While the world’s attention is diverted to the Gaza disengagement - where some 8,000 or so settlers are to be removed, a drop in the bucket of the some 415,300 illegal settlers in the West Bank (including East Jerusalem) and the Gaza Strip - Israel is busily eating away at the land it prizes the most, and prejudicing final status issues.

And the humanitarian situation is bleak. Israel’s Annexation Wall, continuing to be built deep inside West Bank land despite the International Court of Justice’s Advisory Opinion issued last year, is cutting off farmers from their land, students from their schools, patients from hospitals, and generally disconnecting communities.

And despite promises to the Americans to act otherwise, Israel is continuing to expand settlements in Jerusalem in such a way as to cut off the rest of the West Bank from what Palestinians consider to be their capital. Israel is also building a series of walls, fences, and other annexation structures so that the larger settlement blocs - the Ariel, Etzion, and Ma’ale Adumim blocs - will be included on the western or “Israeli” side of the wall.

The route of the wall around these major settlement blocs is a naked attempt to predetermine the borders of a future Palestinian state. It also divides the West Bank into three cantons, as these settlements cut into the north, south, and the central West Bank.

So brazen is Israel, it no longer finds the need to cover up the wall’s true purpose. Ha’aretz reports that in response to an appeal to the Israeli High Court filed by Azun village in the West Bank, whose land is being annexed because of the wall, the Israeli government “asked for the fence [sic] to be left on its original route, previously ruled to be unsuitable … .” The reason - it would be too expensive to move, undermining Israel’s claims that the wall is a “temporary” security measure.

And last week it was reported that the Israeli agricultural ministry has developed plans to double the settler population in the Jordan River Valley, creating another barrier to prevent Palestinian connection to Jordan. Israeli Minister of Agriculture Israel Katz told the Israeli paper Yedioth Ahronot, “Abu Mazen [Palestinian President Mahmoud Abbas] and the leaders of the terror organisations will look out the Muqata’a [the Palestinian Authority headquarters] window every morning and see the Israeli Jordan Valley flourishing.”

Indeed, other recent statements by Israeli officials are less than reassuring.

In a speech he gave to the ORT Brande College of Engineering in Karmiel, Israeli Prime Minister Ariel Sharon said, “The disengagement plan is not only a decision to leave Gaza, but also a decision to invest more in the development of the Negev, the Galilee and greater Jerusalem.”

Unfortunately for the Palestinians, part of Israel’s investment in East Jerusalem is the destruction of some 88 homes in the Arab neighborhood Silwan for the purpose of establishing a biblical park, making homeless a thousand Palestinian residents. Though the decision is being contested in the courts, and the situation is unresolved, it is just one more example of life becoming harder and harder for Palestinians in Jerusalem.
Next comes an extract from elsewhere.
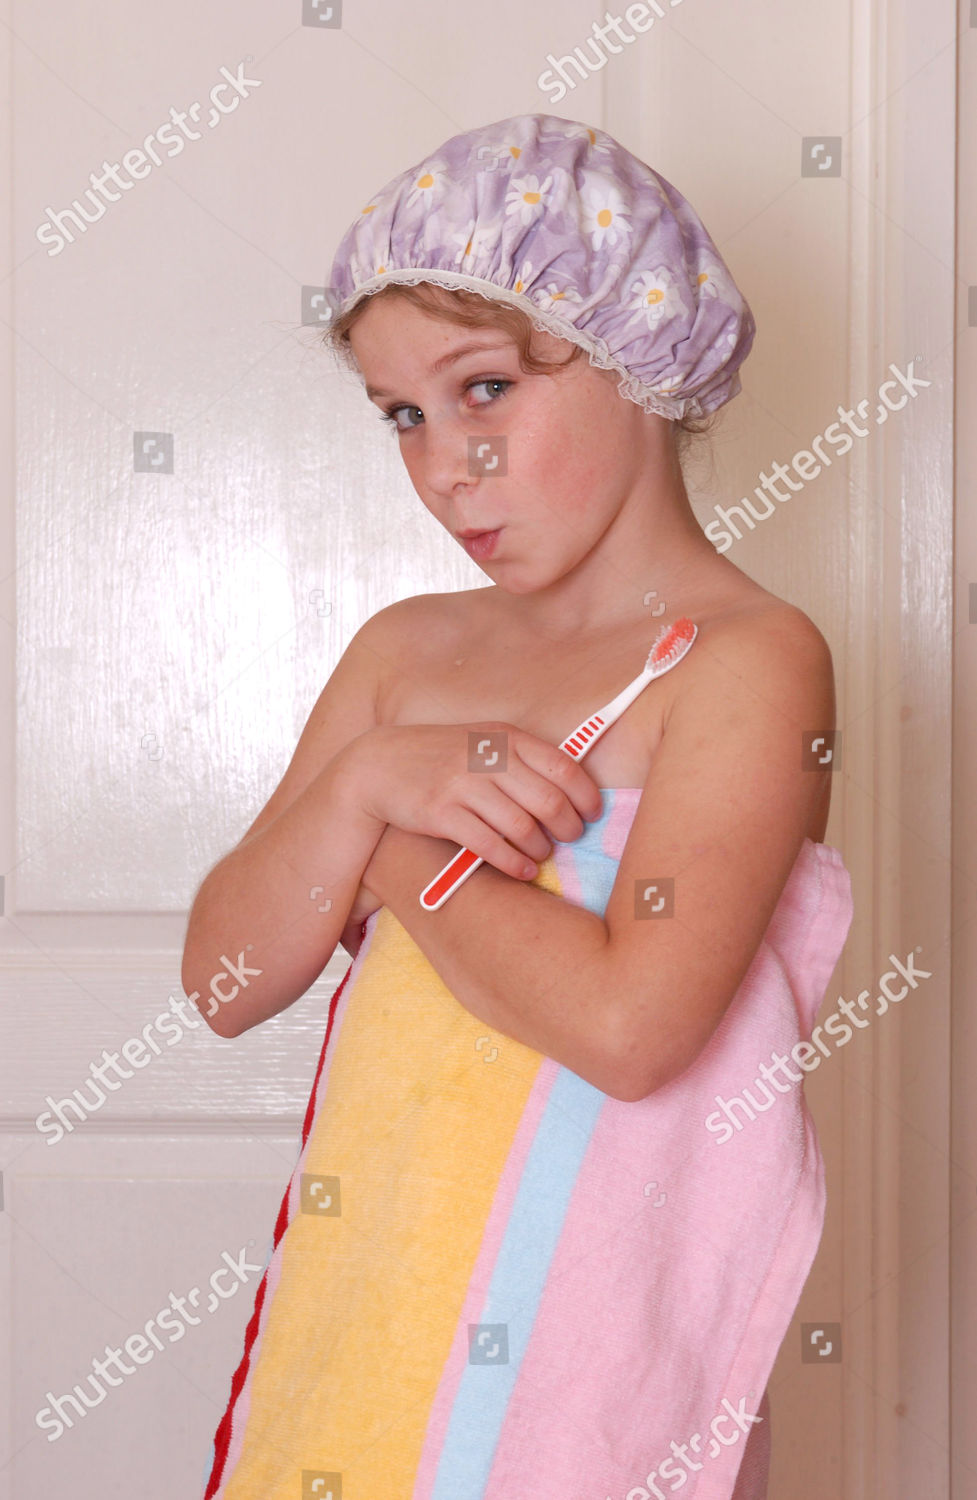 shower cap girl

Israel has been “investing” in Jerusalem in order to impose a Jewish demographic majority for some time now, through such means as not granting Palestinians building permits and then destroying “illegal” houses built without permits, stunting economic growth by restricting movement across the numerous checkpoints in East Jerusalem villages, stamping out Palestinian political activity, and by drafting discriminatory family unification laws that make it a Sisyphean task for Arabs to gain residency rights, and thus severing families comprised of both Jerusalemites and West Bankers.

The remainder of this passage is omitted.